The results of our study emphasize the need for further research into the experience of Canadian medical device innovators specifically with regard to the use of early economic evaluation in product development. While our study took a global approach to assessing the use of health economics in this population, a more tailored focus on the nuances of EEE utilization would be of value. In addition, further research should be directed to understanding whether previously identified barriers to health technology innovation persist for Canadian medical device innovators, and how best to mitigate these.

5 Limitations

A number of limitations exist with regard to this study. The first is that participants were invited to be involved through a detailed recruitment letter outlining the study aims. As a result, selection bias may have had an impact on study findings in that only medical device innovators who were comfortable with health economics concepts agreed to participate, while those without much experience in this regard may have declined the invitation. This may explain the lower percentage of respondents reporting low or no knowledge of health economics. In addition, the study sample was relatively small, and as a result, extensive statistical analysis of quantitative responses was not possible. Consequently, it is difficult to draw conclusions regarding general perspectives among Canadian innovators on a large scale.

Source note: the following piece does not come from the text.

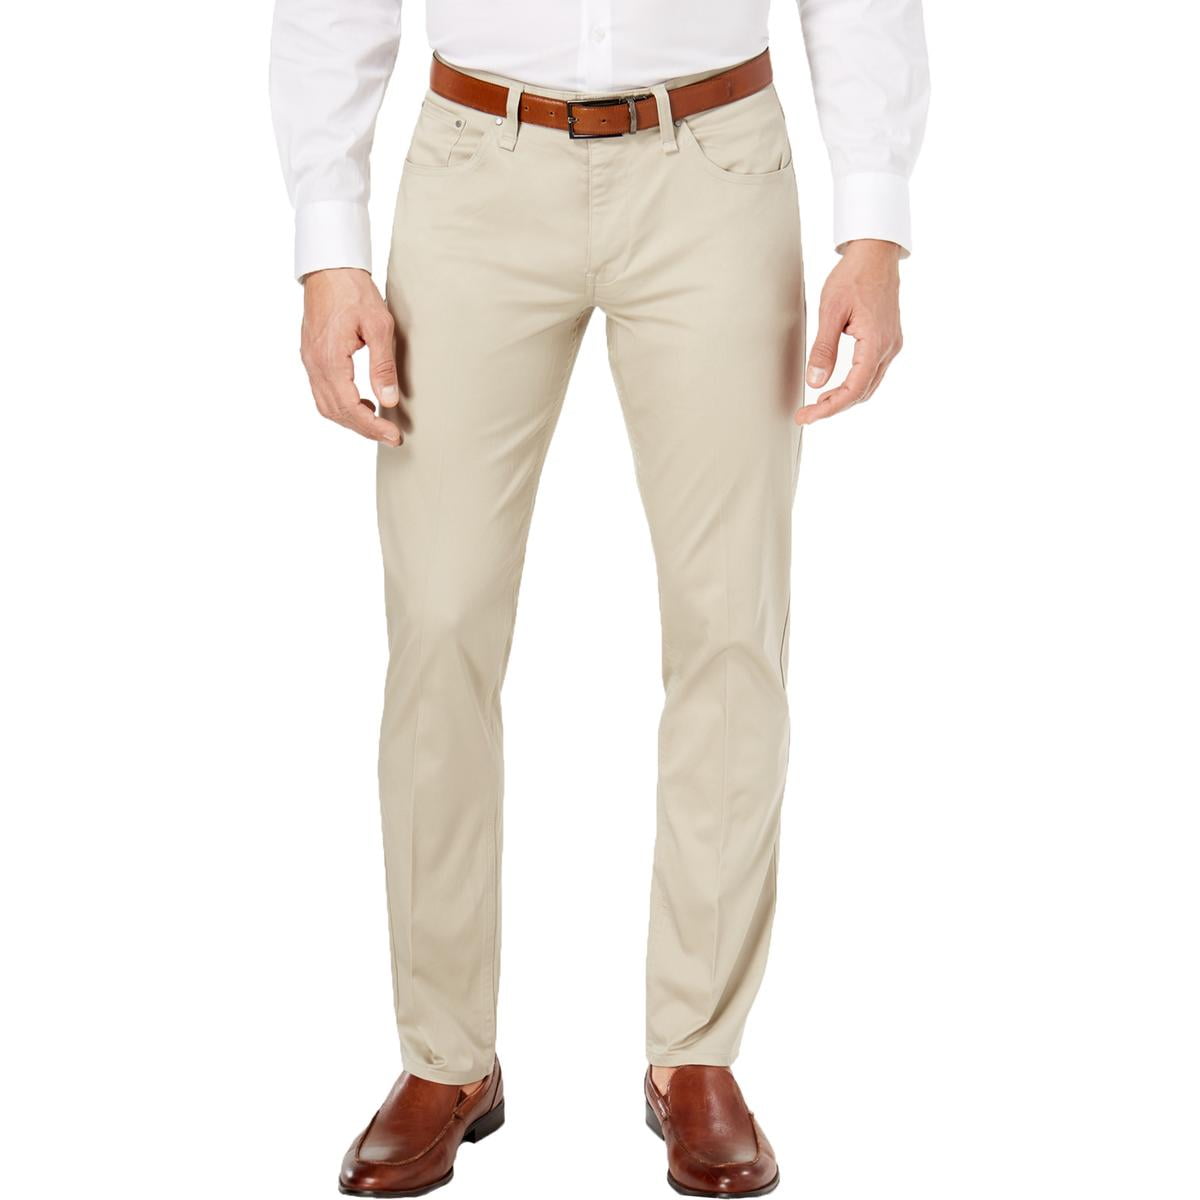 Griffin,32x30 Tommy Hilfiger Men's Tailored Fit Flat Front Chino Pants

6 Areas of Further Research

Policymakers and other decision makers were not included in this study. Further research should be directed toward gaining the perspectives of these stakeholders, to allow for a balanced understanding of facilitators and barriers to medical device innovation in Canada. In addition, patients or public representatives were not involved in the design of this study. Given that patients are key stakeholders in medical device innovation in Canada, further research geared toward assessing patient perspectives on the approach to medical device innovation should also be explored. Lastly, obtaining a larger sample size in all future studies of this nature would be critical in ensuring that robust conclusions can be drawn.

7 Conclusions

Canadian medical device innovators appear to demonstrate awareness of health economics principles, including the benefits of EEE, and the role that such evaluations can play in strategic decision making. However, they have a difficult time navigating the Canadian medical device industry, particularly regarding device approval and market adoption. A number of innovators focus their efforts outside of Canada altogether, a trend that could have multiple downstream effects on the Canadian medical device landscape. Further research should be directed toward understanding how to better support small- and medium-sized enterprises given that they are a tremendous source of growth for the Canadian medical device industry.